Many critics are worried about how Trump might act on election night and immediately afterward; polls show him well behind Democratic nominee Joe Biden.

"It’s very likely that the president will be making claims about the validity or invalidity of the vote counting process as it’s happening," said Adav Noti, an elections expert at the Campaign Legal Center, a nonpartisan voting advocacy nonprofit. "But the president has no control or authority over that process at all. Literally zero. And so as long as state officials and the courts all abide by their legal obligations, regardless of the rhetoric, the election will be resolved peacefully and in a timely manner.”

Just because there's a process for legally sorting out electoral problems doesn't mean that process will go smoothly or uncontroversially. If there's recount drama, a lot of it is likely to happen before the Dec. 8 safe harbor deadline, before which the states remain in full control of how to award their electors, who are normally chosen by the candidates' parties. (Electors are supposed to cast their votes based on how their states vote; in all but two states, the candidate who wins the most votes in the state wins all the electoral votes.)

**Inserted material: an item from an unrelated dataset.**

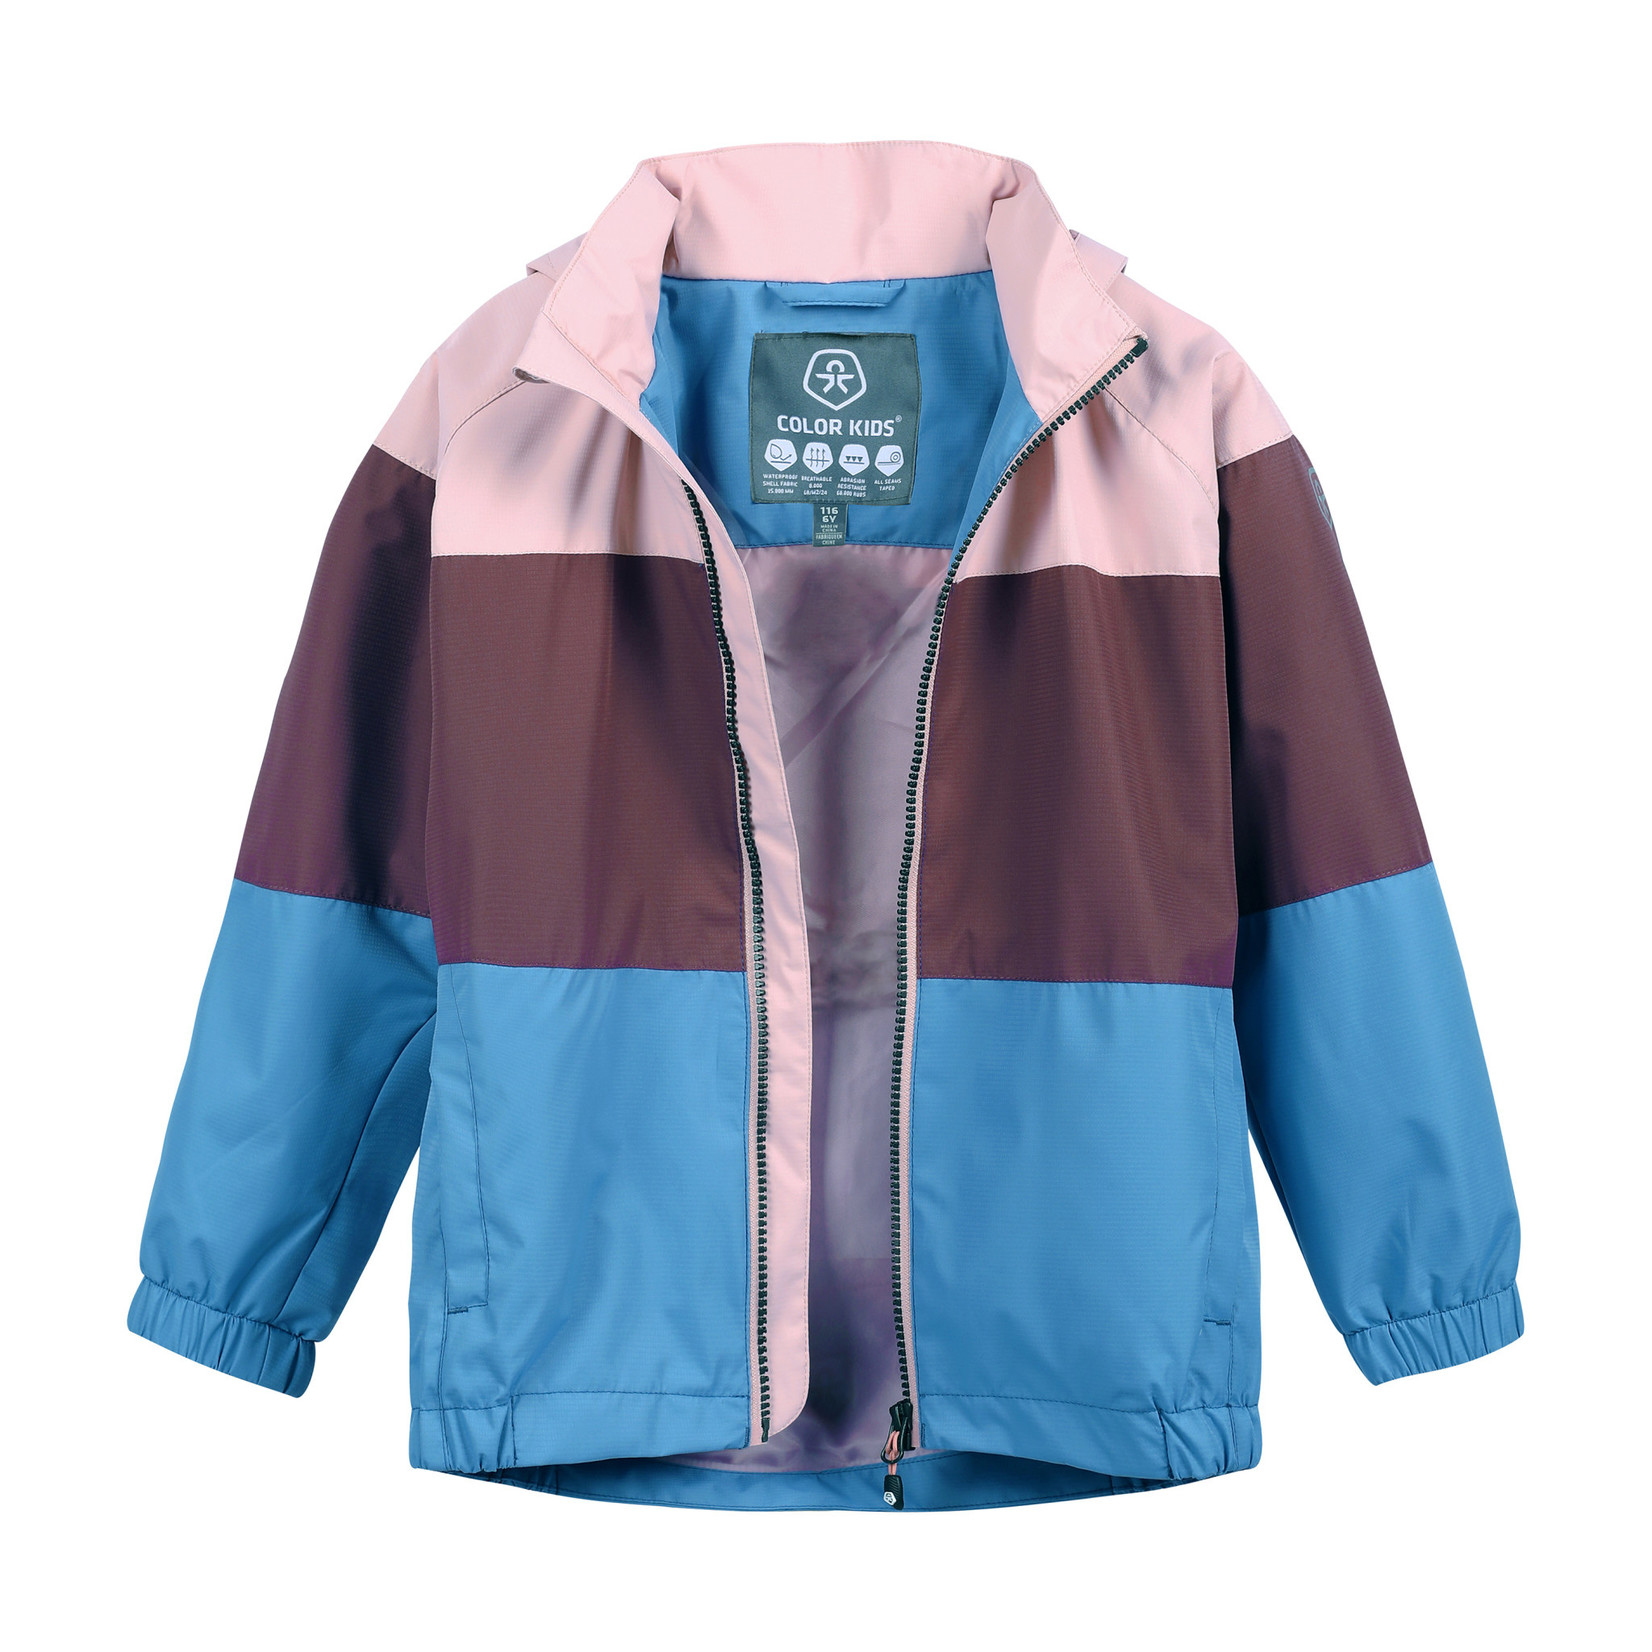 Color Kids COLOR KIDS - Color Block Waterproof Windbreaker Jacket - Pink, Plum et Blue

Consider Florida in 2000, when the race between the Republican, George W. Bush, and the Democrat, Al Gore, was unbelievably close, leading to an infamous recount as Florida's Republican secretary of state initially certified Bush as the winner.

The race ended after the U.S. Supreme Court handed down a ruling, Bush vs. Gore, on safe harbor day, that ended the recount. Part of the court's logic was that the recount was not sticking to the procedures that existed before election day and jeopardized the state's ability to pick its own winner before Congress took over.

"The court basically argued that if the recount couldn’t be finished by that [safe harbor] date, they would risk disenfranchising Florida’s voters," Davis said.

The court's liberal minority disagreed vehemently.

"Although we may never know with complete certainty the identity of the winner of this year’s Presidential election, the identity of the loser is perfectly clear," Justice John Paul Stevens wrote in a dissent. "It is the Nation’s confidence in the judge as an impartial guardian of the rule of law."

Congress never got involved. It was obligated to accept the results presented by Florida in favor of Bush because the state met the safe harbor deadline.

In North Carolina, a key 2020 presidential battleground, a state law enacted in 2001 actually spells out how the state would avoid another Bush vs. Gore scenario and ensure that Congress doesn't meddle with its results.

If there's no certified winner by safe harbor day, the state's currently Republican-controlled Legislature picks the electors "in accord with their best judgment of the will of the electorate." The statute adds that "the judgment itself of what was the will of the electorate is not subject to judicial review."

In other words: We'll be picking the electors, thanks.

“As far as we know, there is no other similar law in the country," Noti said, noting that “it’s never been applied, never been tested."

A recent Atlantic article quoted an unnamed Trump campaign legal advisor as saying the campaign was already game-planning scenarios in which GOP-held legislatures might move to directly appoint the electors in case of murky voting results: “The state legislatures will say, ‘All right, we’ve been given this constitutional power. We don’t think the results of our own state are accurate, so here’s our slate of electors that we think properly reflect the results of our state.'"

The Trump campaign declined to comment on the record.

Biden campaign spokesman Michael Gwin, asked about the scenario raised in the Atlantic article, declined to address it head-on.

"The Biden campaign has assembled the biggest voter protection program in history to ensure the election runs smoothly and to combat any attempt by Donald Trump to create fear and confusion with our voting system, or interfere in the democratic process," Gwin said in a statement. "We're confident that we'll have free and fair elections this November, and that voters will decisively reject Donald Trump's erratic, divisive, and failed leadership at the ballot box."

But at least how the law is written, only time will really tell.